The Secret of the Forest

The Southern Shores of the Mediterranean

Sidi Bou Said, Tunisia. Gnu Free documentation License

The Greco-Roman soul is intimately tied to Egypt and North Africa. We are all Mediterranean. Food, plants and plenty of traditions are similar. On a long-period perspective we belong to the same historical stream, to the same sea from which some of the first civilizations have germinated in this side of the planet. Of course there are differences, but we are not so dissimilar as someone might (or likes to) think and our religions themselves, apparently dividing us, are in reality related to the same God.

It is not by chance that these north-African regions are considered diverse and almost European by Sub-Saharan black people. They are in fact very different from Sub-Saharan Africa. Another interesting point is that during the whole Middle Ages north Africans were the most powerful, civilised and wealthy among all Mediterranean (and European) folks.

Wealth has now moved to the north shore. The northern and southern shores of the Mediterranean tend to exchange their roles. Tunisia conquered Sicily for 400 years.

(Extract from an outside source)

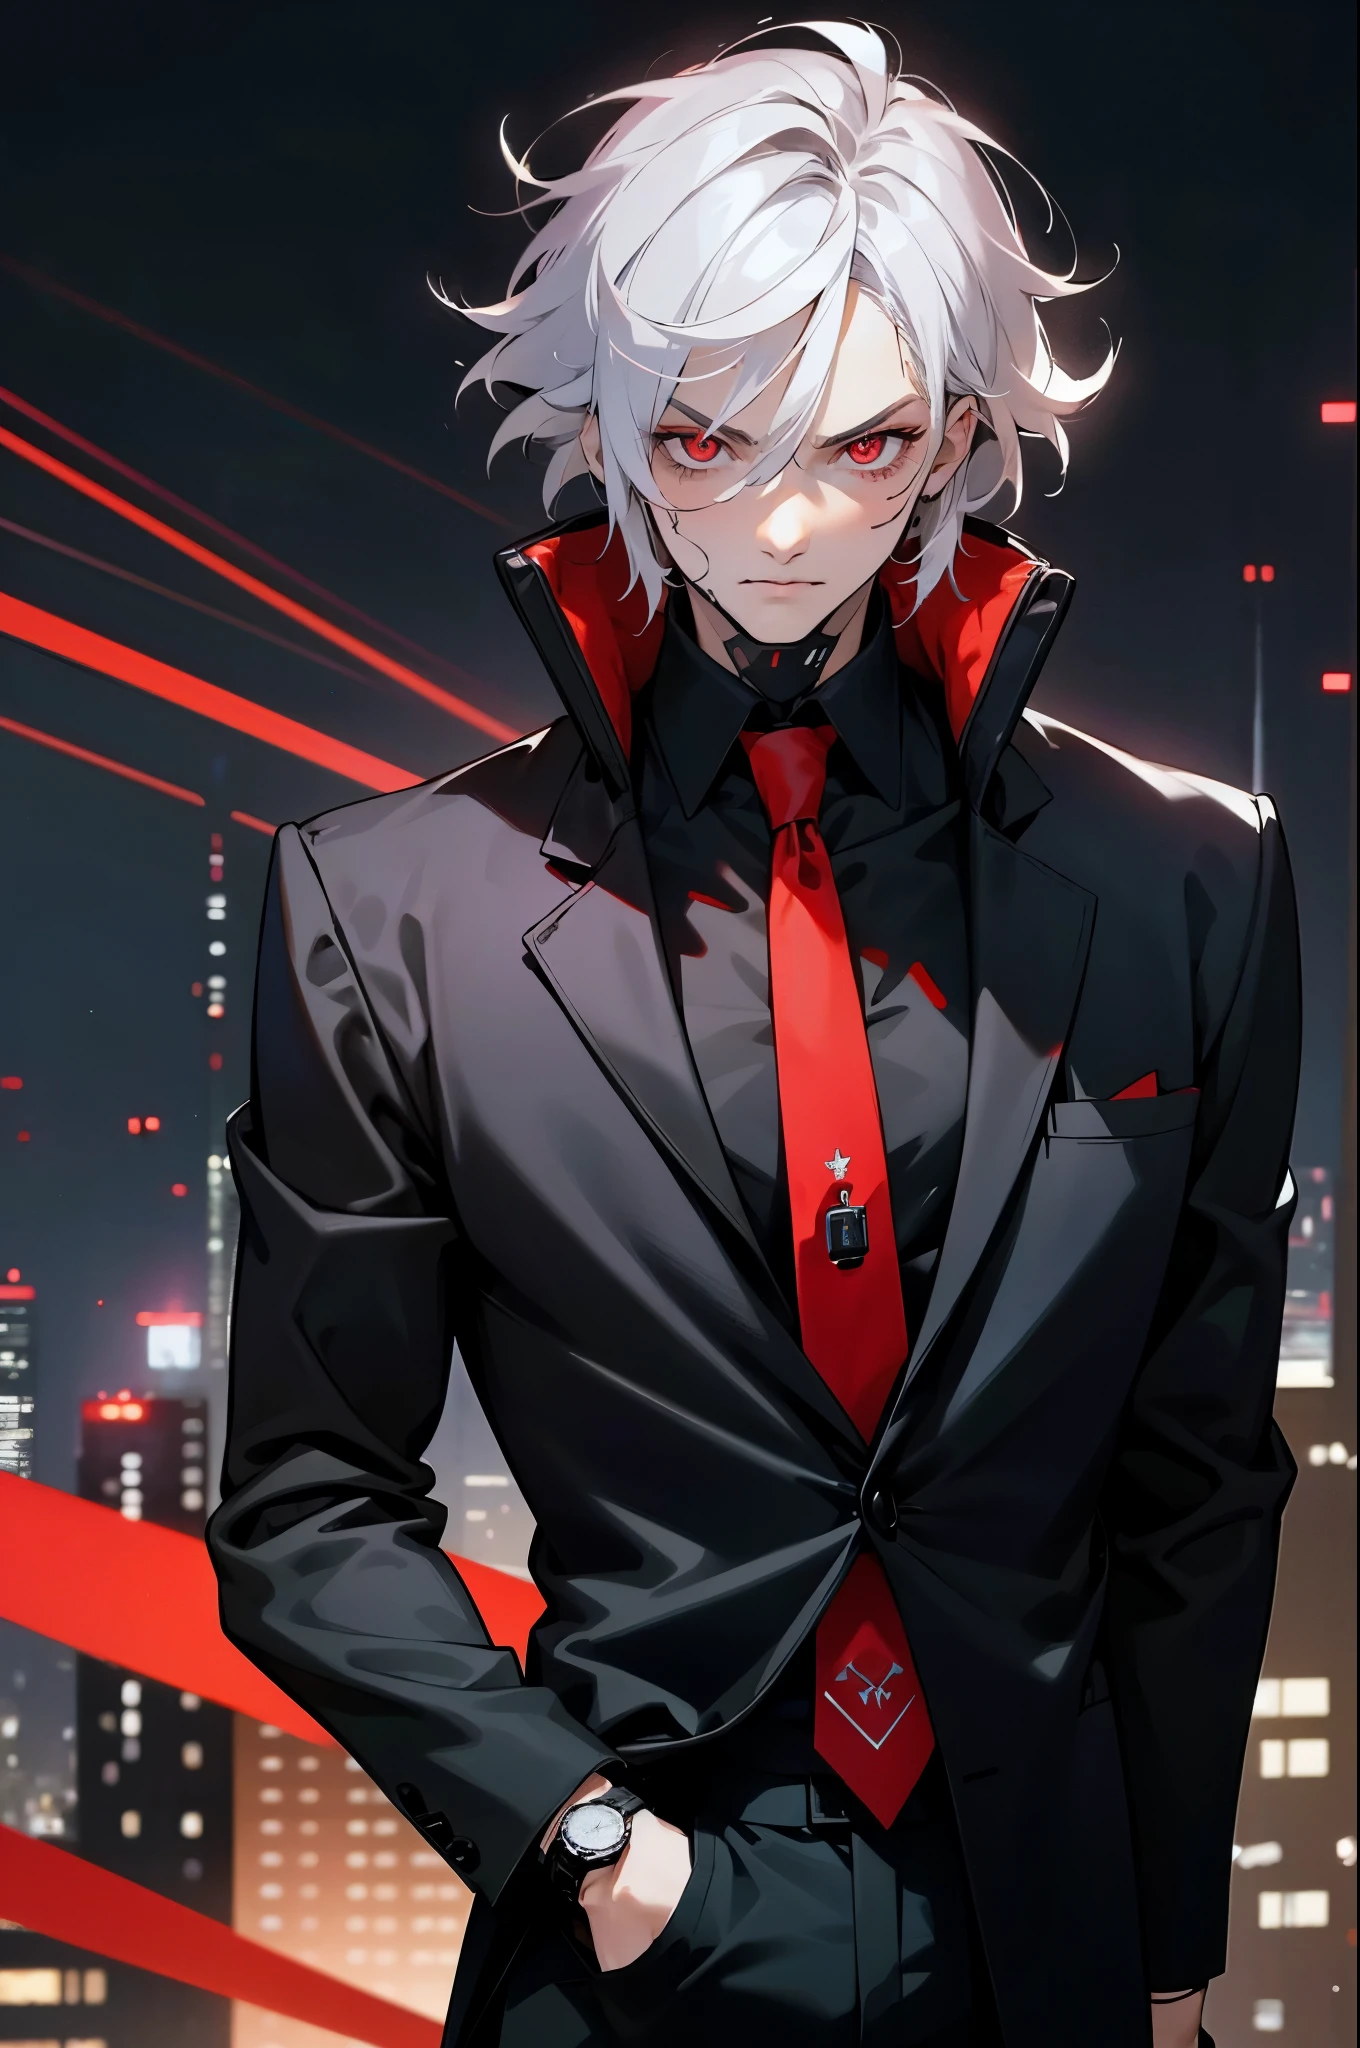 1male, Adult, Silver Hair, Short Hair, Black Suit, Red Tie, Red Eyes, Perfect Generation, Perfect Eyes, Black Pants, Fancy Watch, Cybepunk Facial Implant, City, Night Time, Messy Hair, Serious Face

Today it looks at Sicily (and Italy) as a beloved guiding light and its greatest inspiring model (“les Italiens pour nous sont comme des dieux”, “Italians are like gods to us”, a Tunisian manager once told me), and we, in our narrow-mindedness, do not much notice it. Italians (especially those who travel little) do not know how much they are loved within the entire Mediterranean area. Even when we landed on its islands as occupants, together with the Nazis, we were accepted with affection by the local populations because they felt us as close relatives. How many memories, traditions and bonds we do share with them.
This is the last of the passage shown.